## Information supplied
● ● ● ● ● ● ●

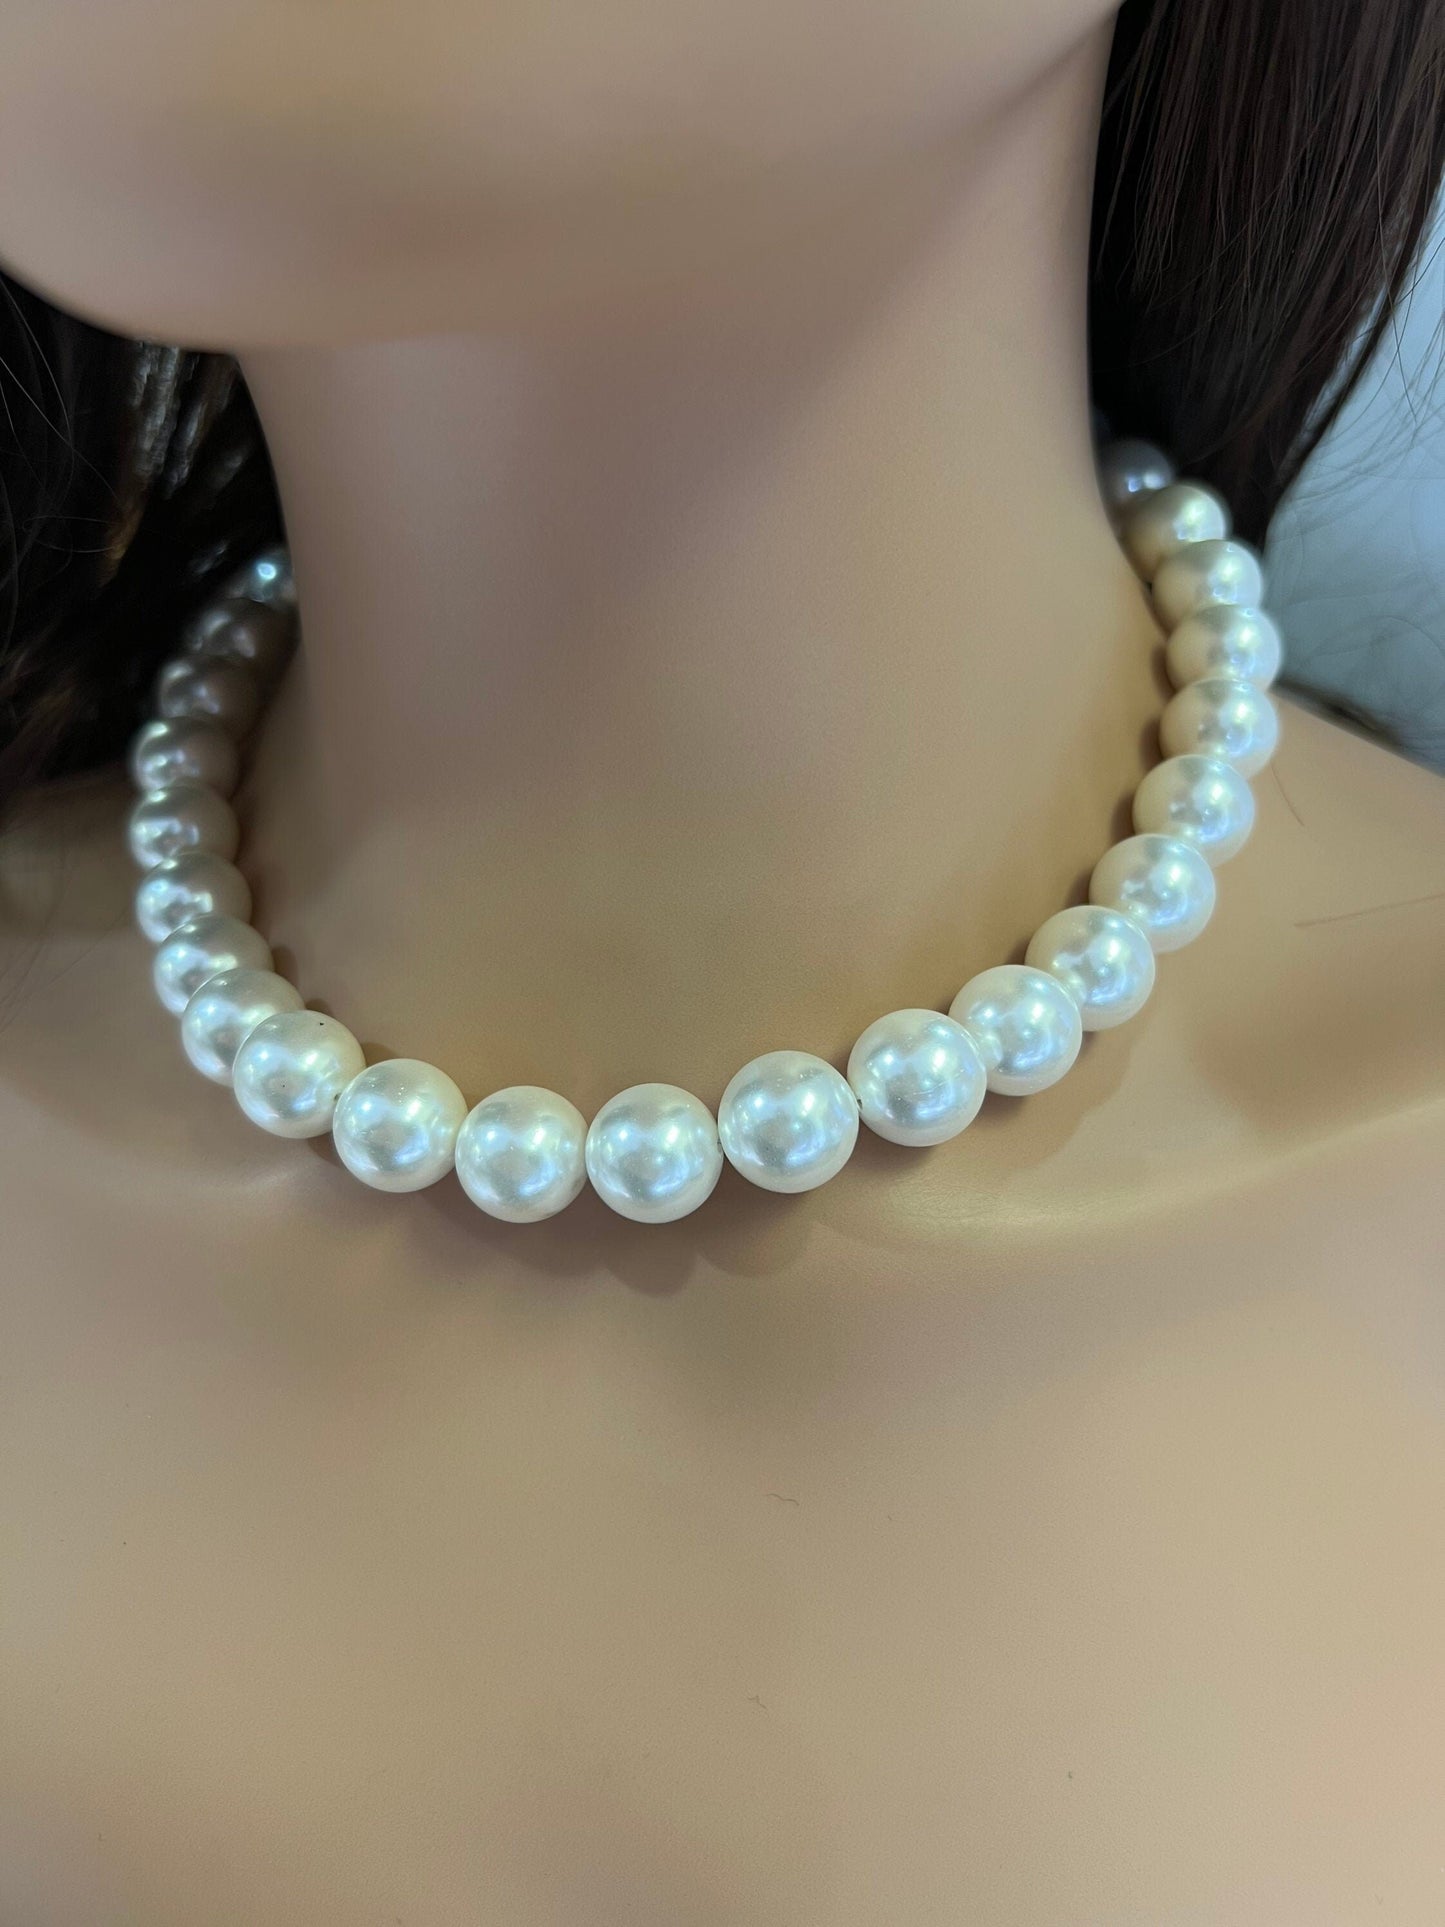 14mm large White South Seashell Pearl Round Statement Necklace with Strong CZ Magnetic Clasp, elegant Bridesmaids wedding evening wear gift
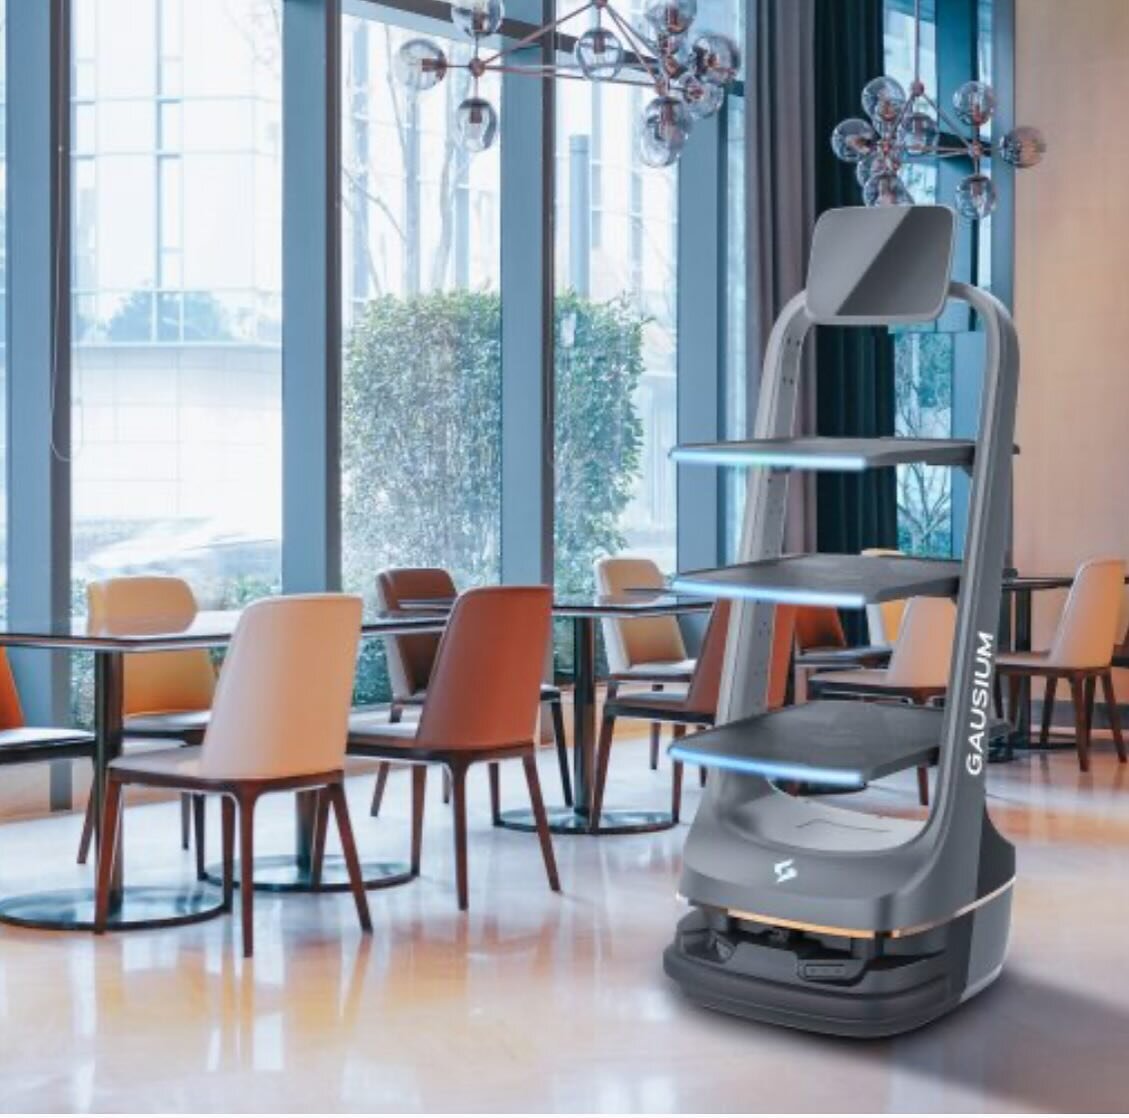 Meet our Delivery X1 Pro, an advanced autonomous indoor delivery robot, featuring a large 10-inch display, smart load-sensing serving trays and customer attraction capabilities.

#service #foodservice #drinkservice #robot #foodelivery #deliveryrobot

● ● ● ● ● ● ●

All of the data above needs to be given again exactly. Leave out each image.

 14mm large White South Seashell Pearl Round Statement Necklace with Strong CZ Magnetic Clasp, elegant Bridesmaids wedding evening wear gift
 Meet our Delivery X1 Pro, an advanced autonomous indoor delivery robot, featuring a large 10-inch display, smart load-sensing serving trays and customer attraction capabilities.

#service #foodservice #drinkservice #robot #foodelivery #deliveryrobot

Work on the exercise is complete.